Becca stood up with a smile upon her face, mission accomplished. At least this was something she could be proud of.
The woman was ash in seconds. Everything just seemed to transform, atom for atom, to dust.
Reaching out a hand, Becca touched the tip of the woman’s nose, greasy ash coming away with it. She rubbed the ash on the alley’s brick wall and gathered her belongings together, kissing the wad of money before tossing it back into her purse. “Not a bad night.” Glancing down at the blood still trickling down her arm, Becca scowled. She must be slipping, letting a newbie get the best of her, getting too arrogant for her own good. Sighing, Becca sent the body of ash a kiss goodbye and continued down the alley like she didn’t have another care in the world.
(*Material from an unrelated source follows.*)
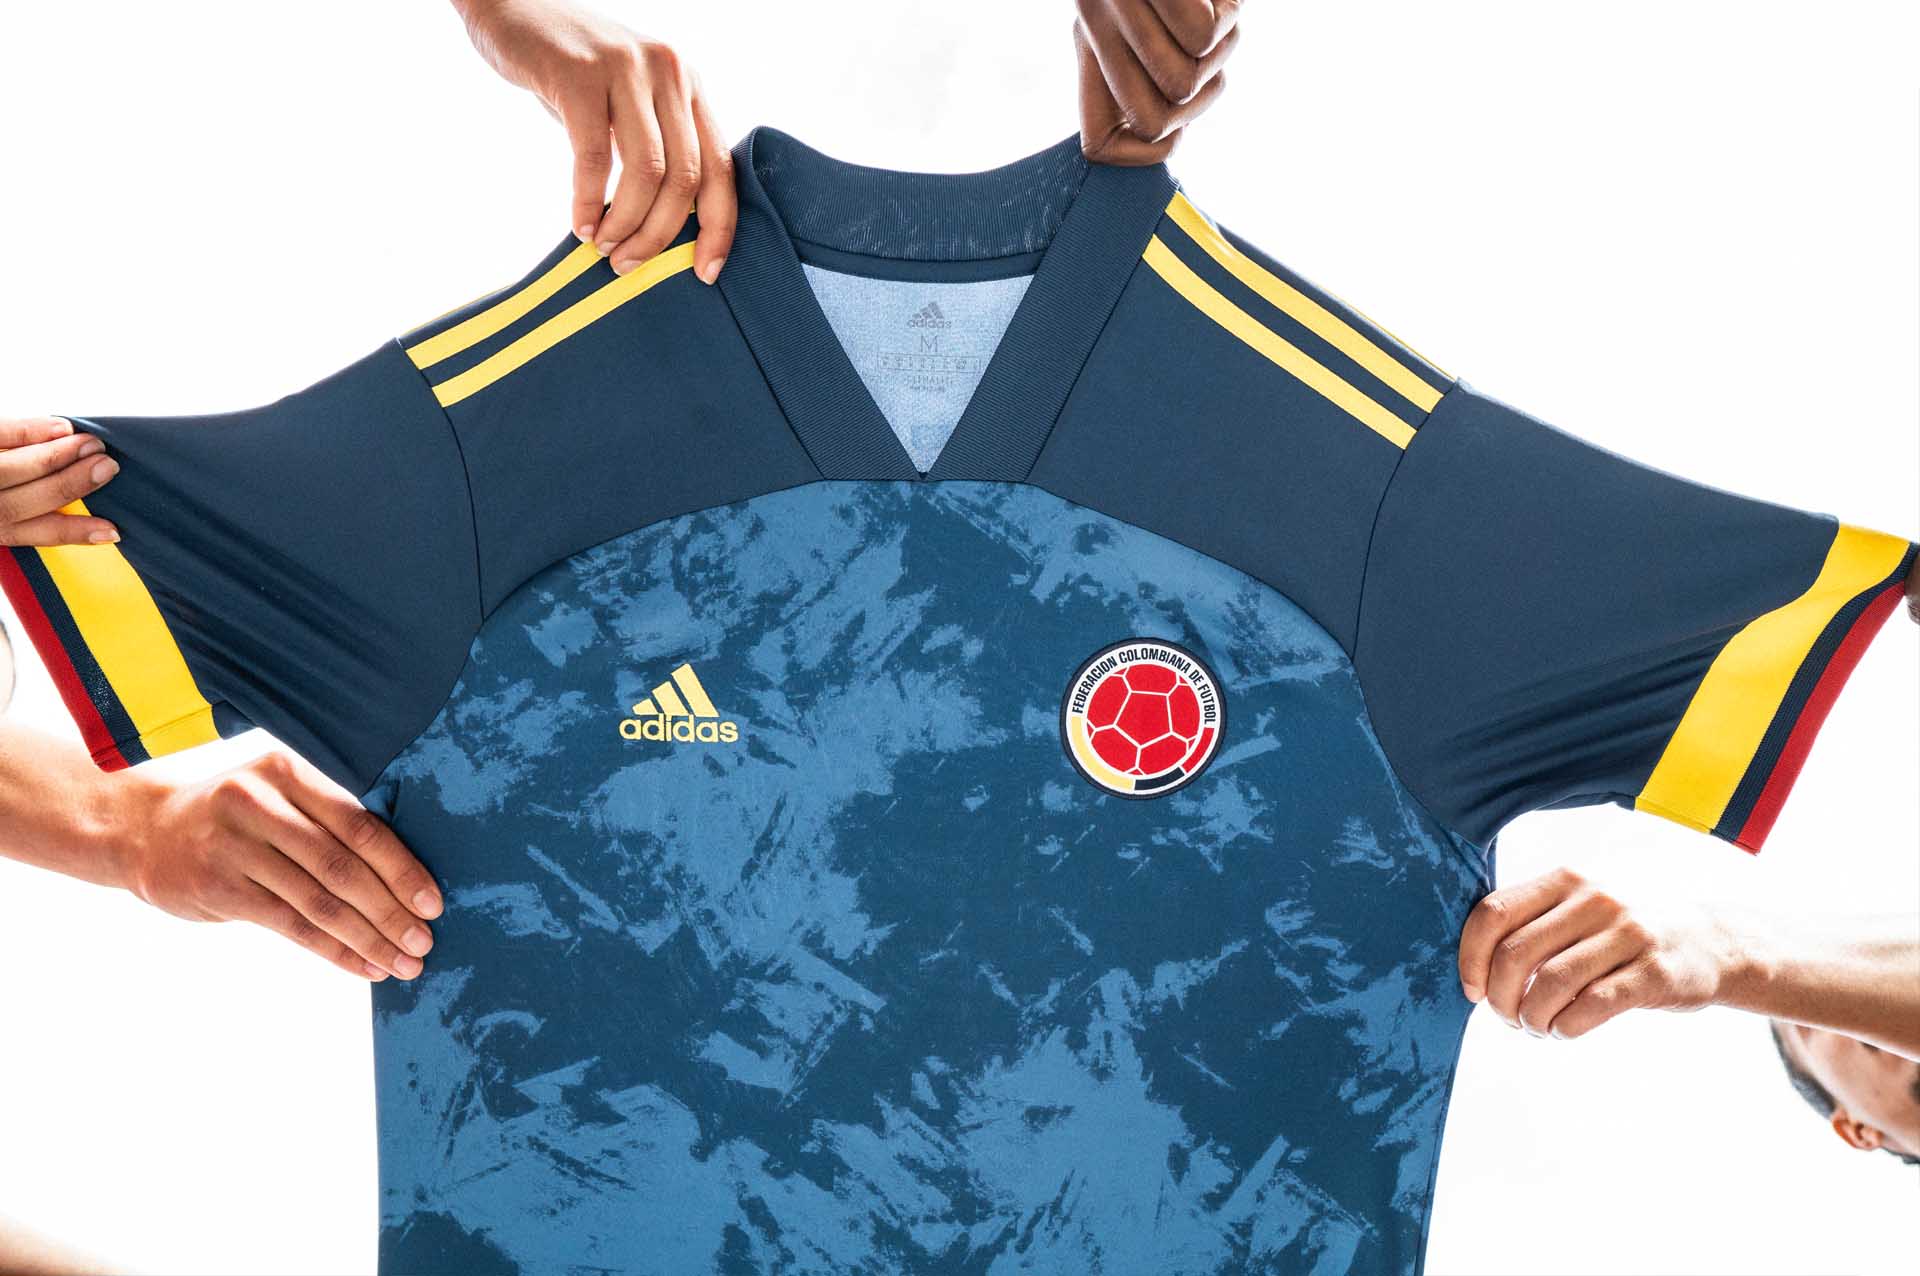 Colombia uitshirt 2020-2021 - Voetbalshirts.com

She didn’t pause as she left the alley and came out on a side street, a little jump in her step as she made her way to her apartment and its old claw-footed bathtub. She deserved extra bubbles tonight. And extra wine. Definitely extra wine.
If she’d given even the slightest pause, she would have noticed the ashen body shift behind her. She would have seen the right shoulder move and crumple in upon itself, the head rolling from its neck and shattering silently on the concrete ground, like glass, into thousands of papery shards. She would have noted the ashes scatter like leaves on a windy autumn day, tossed aside as if from a gutter, where they’d discreetly gathered. And she wouldn’t have been able to ignore the tiny hand that reached out from the ash belly, seeking its mother’s dead flesh, where there no longer was any.